The U.S. Navy was in San Francisco last weekend, helping the city celebrate Fleet Week. By chance, I was also there.
I have nothing against any city having a Fleet Week. We have ‘em here in New York, too. But there’s a bit of a difference. In New York we’ve seen what an airplane crashing into a building can do, not only on 9-11 (over 3,000 innocent Amerians dead), but also as far back as 1960 when two passengers airplanes collided in mid-air over the city, taking out an entire city block and leaving 134 passengers and earthbound Brooklynites dead.

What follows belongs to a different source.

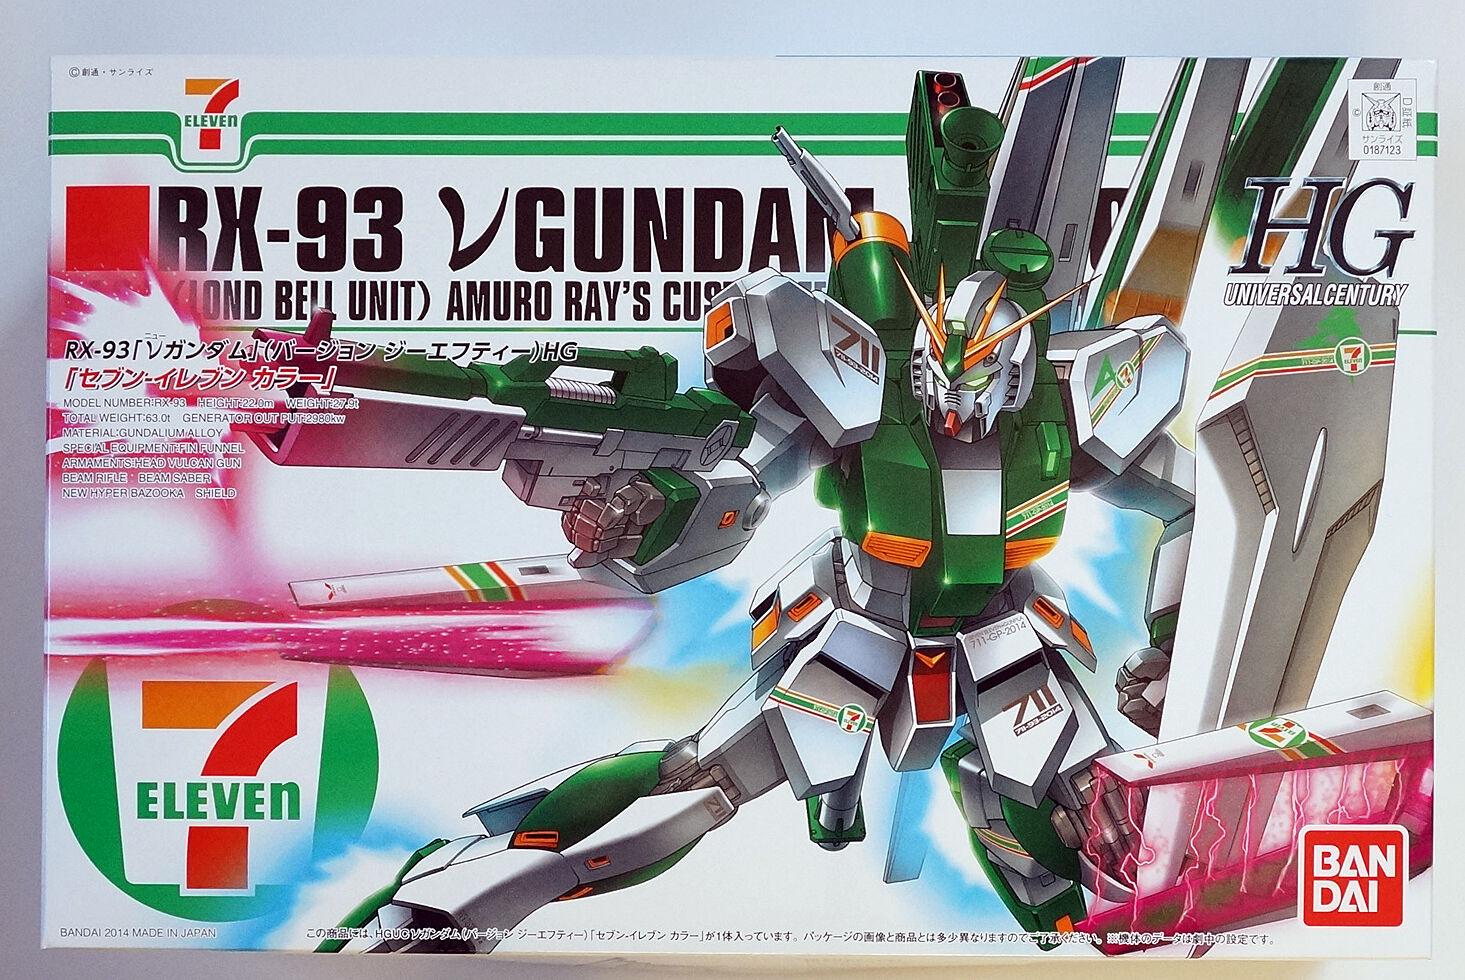 BANDAI HGUC 1 144 ν (Nu) GUNDAM ver GFT 7-Eleven color limited scale model kit
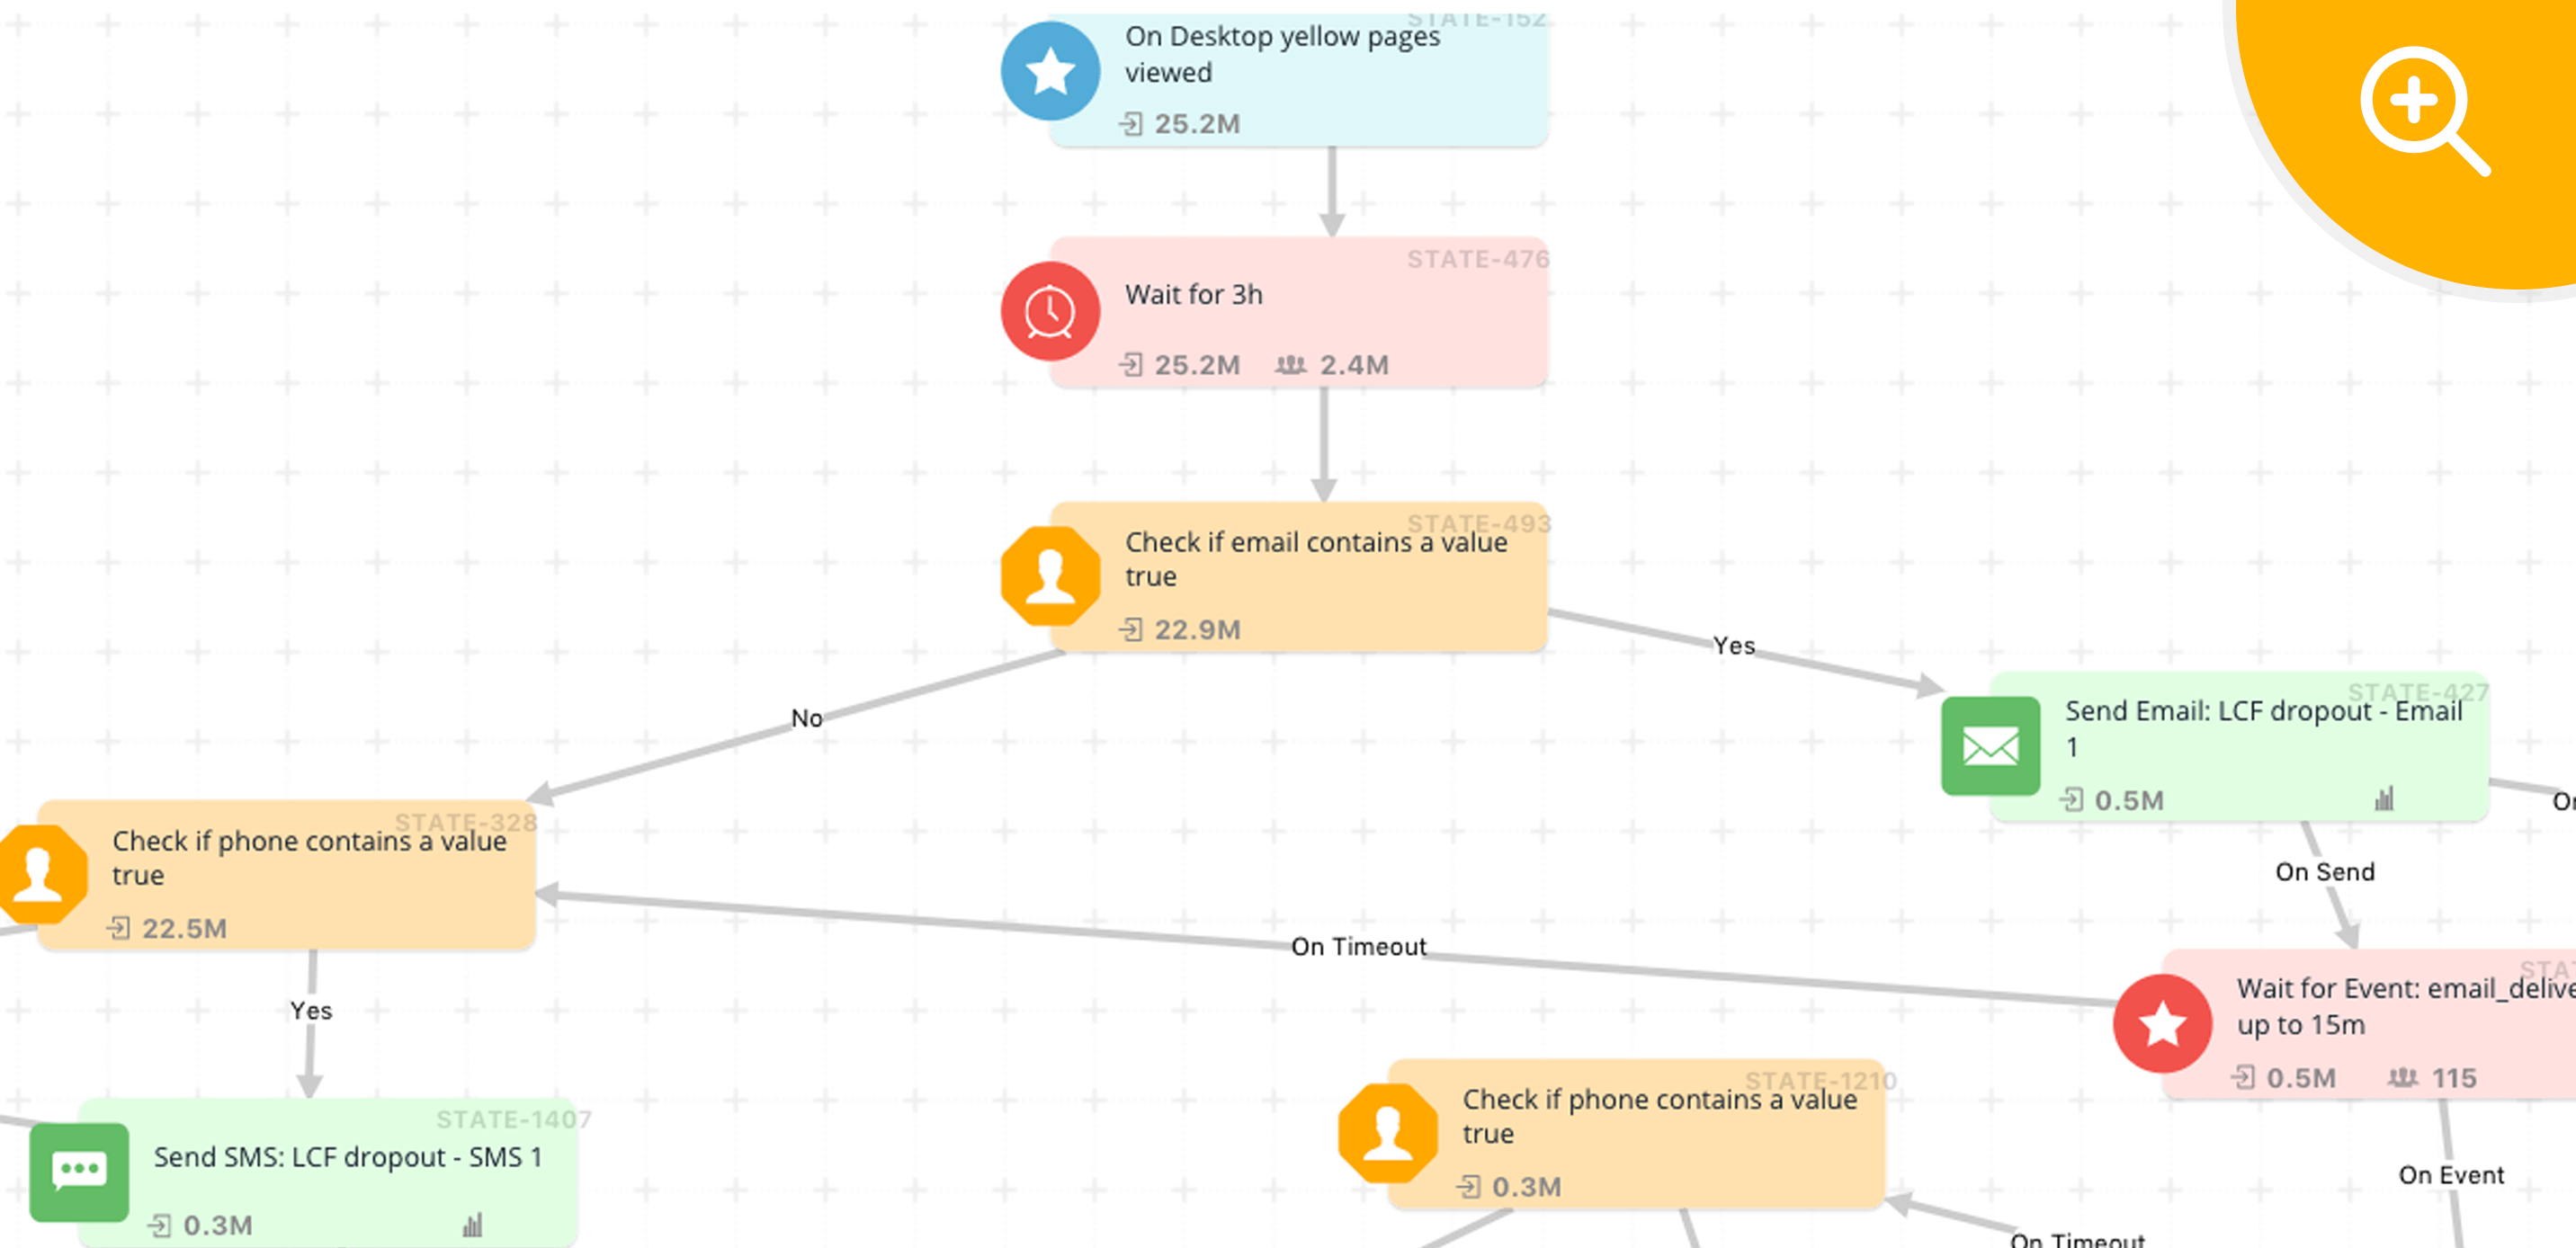 Multiple User Engagement Journey Designer & Journey Automation Tool

I was a newspaper reporter at the time of the Brooklyn air disaster. I personally watched a father tearfully announce to a press conference in a Brooklyn hospital that his 11-year old son, Stephen Baltz, who had originally and miraculously survived the initial crash, had succumbed to burns some hours later. It was a heartbreaking lesson on exactly why tightly spaced aircraft and residential spaces don’t mix. Not ever.
So you can imagine how extraordinarily infuriated I was last weekend when, on a trip to San Francisco, I was walking down a street when four tightly spaced jet aircraft suddenly roared above a residential street at low altitude and formidably high speed.
People jumped. A woman in a car screamed. Some held their ears to prevent damage from the outrageously loud noise. And this kept going on, hours at a time.
It was the “Blue Angels” air show, and for what I suppose was a laugh they were buzzing San Francisco. They did it Saturday. They did it Sunday. I hear they also did it Monday.
Photographic evidence of gross irresponsibility
Take a look at the photographs above. I shot them from the corner of Fillmore and Pine Streets on Sunday afternoon. In the first picture, you can see a squadron of four navy planes in tight formation flying over San Francisco homes and office buildings.
The second picture is of the vapor trail they left – a 360-degree loop-de-loop. The peril to the lives of San Franisco’s inhabitants was beyond irresponsible.
Yes, I know the Blue Angels are supposed to be America’s best young pilots. I know their planes are ship-shape. As they used to say about potential oil spills before “BP” became a household curse word, a disaster couldn’t possibly happen.
Except that we all know the “impossible” is also inevitable when it comes to technology developing glitches. Sooner or later something will go wrong – a millisecond of pilot disorientation, an unforeseen mechanical failure, a stray bird that isn’t supposed to be there getting sucked into a jet intake.
When that happens, scores, hundreds or perhaps even thousands of innocent bystanders will be dead, the property damage will be horrendous, and Navy and city officials will be quick to absolve themselves of blame.
Guaranteed: some hapless junior officer will get screwed
In the end, some poor junior officer will catch a court martial, taking the rap for the big navy brass, who will then head for the officers’ club and treat themselves to a stiff drink for getting away with yet another totally irresponsible idea that destroyed lives and property.
Shame on the Navy brass who allow these demonstrations over American cities and think risking American lives for a bit of "show biz" is a great idea. And shame on Mayor Gavin Newsome of San Francisco for not demanding that the Navy fly boys immediately pick up their toys and fly the hell out of his town.